Pedro Rebolledo
- Country (sports): Chile
- Residence: Santiago, Chile
- Born: 17 December 1960 (age 65) Santiago, Chile
- Turned pro: 1979
- Retired: 1992
- Plays: Right-handed
- Prize money: $435,551

Singles
- Career record: 104–114
- Career titles: 3
- Highest ranking: No. 36 (1 February 1982)

Grand Slam singles results
- French Open: 2R (1990)
- Wimbledon: 1R (1991)
- US Open: 1R (1981, 1984)

Doubles
- Career record: 45–67
- Career titles: 1
- Highest ranking: No. 162 (2 January 1984)

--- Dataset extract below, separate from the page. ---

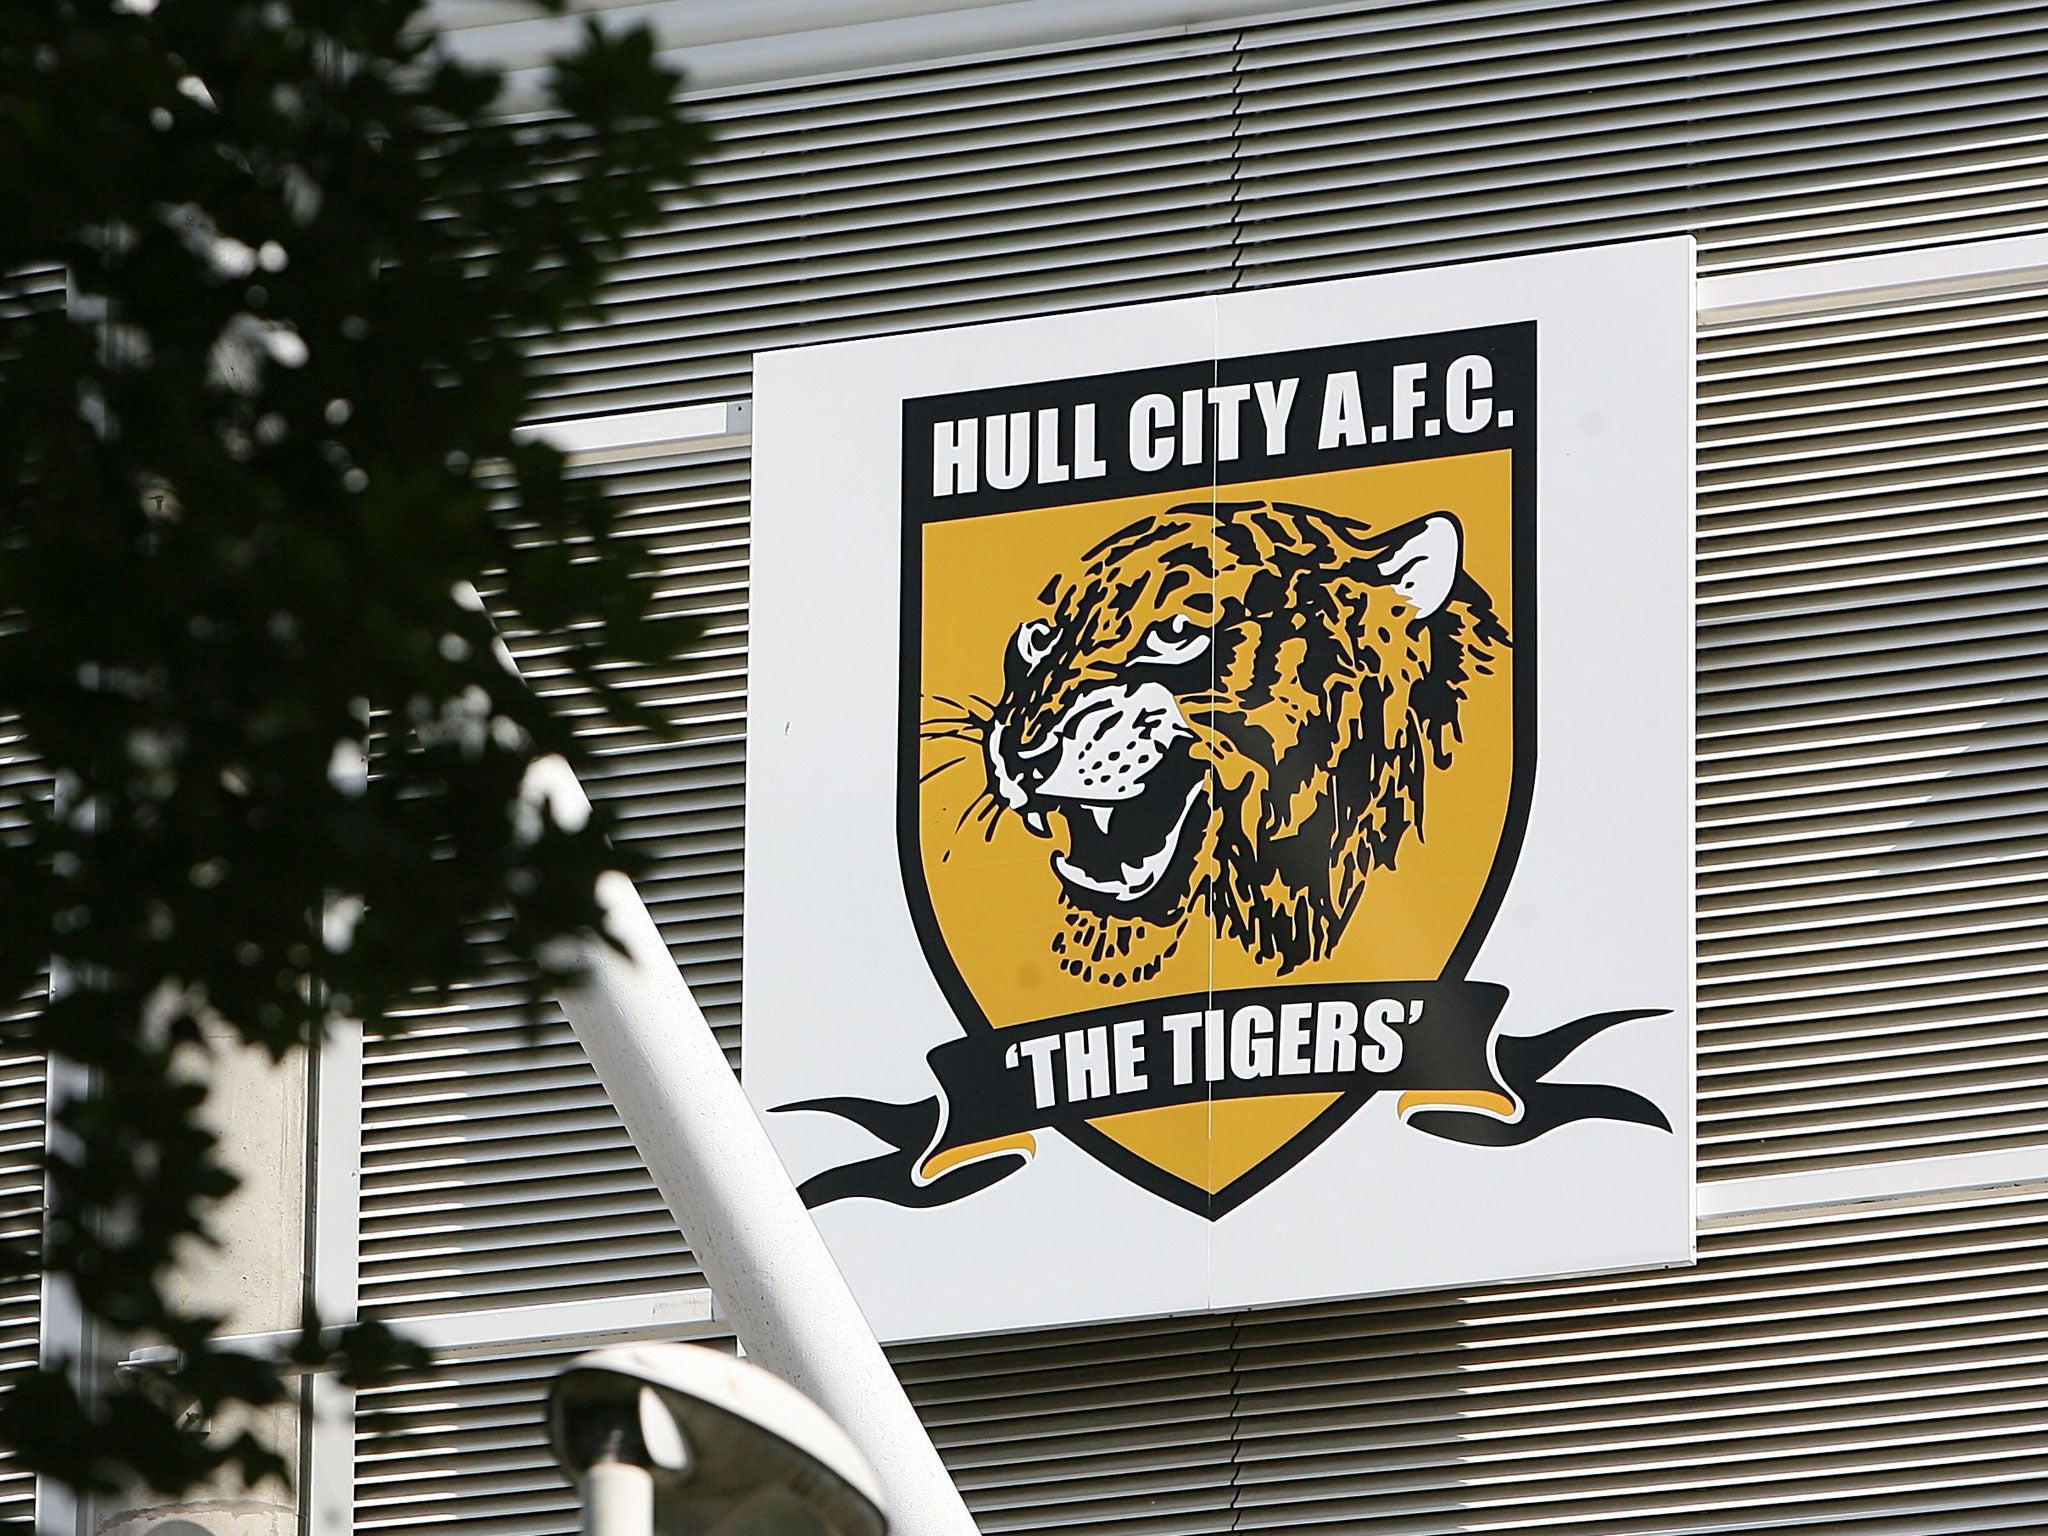 Hull City’s owner has described supporters protesting against his plan to change the name to Hull Tigers as 'hooligans' and warned he will put the club up for sale if the fans do not accept his authority
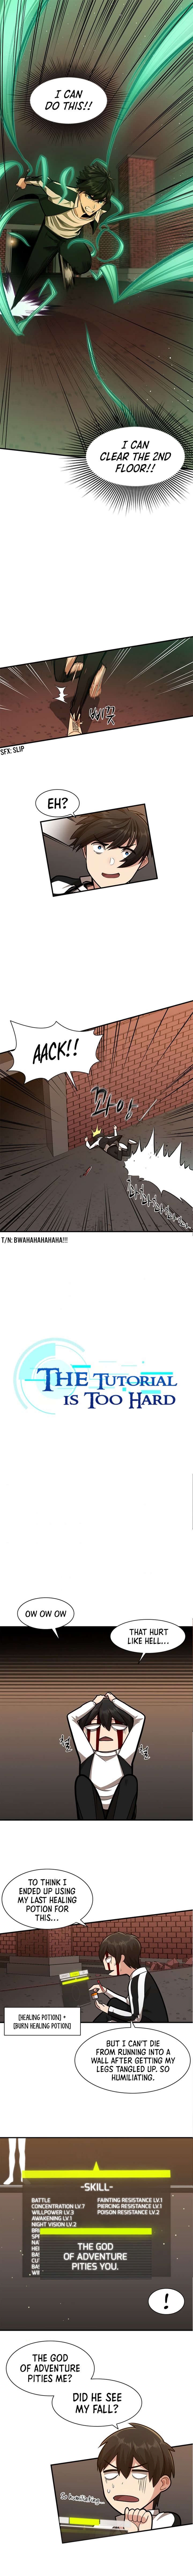 the_tutorial_is_too_hard_14_1

Grand Slam doubles results
- French Open: 3R (1983)
- US Open: 1R (1981)

Team competitions
- Davis Cup: QF (1982)

= Pedro Rebolledo =

Chilean tennis player

Pedro Rebolledo (born 17 December 1960) is a former professional tennis player from Chile. He achieved a career-high singles ranking of world No. 36 in 1982. Rebolledo won three career ATP singles titles.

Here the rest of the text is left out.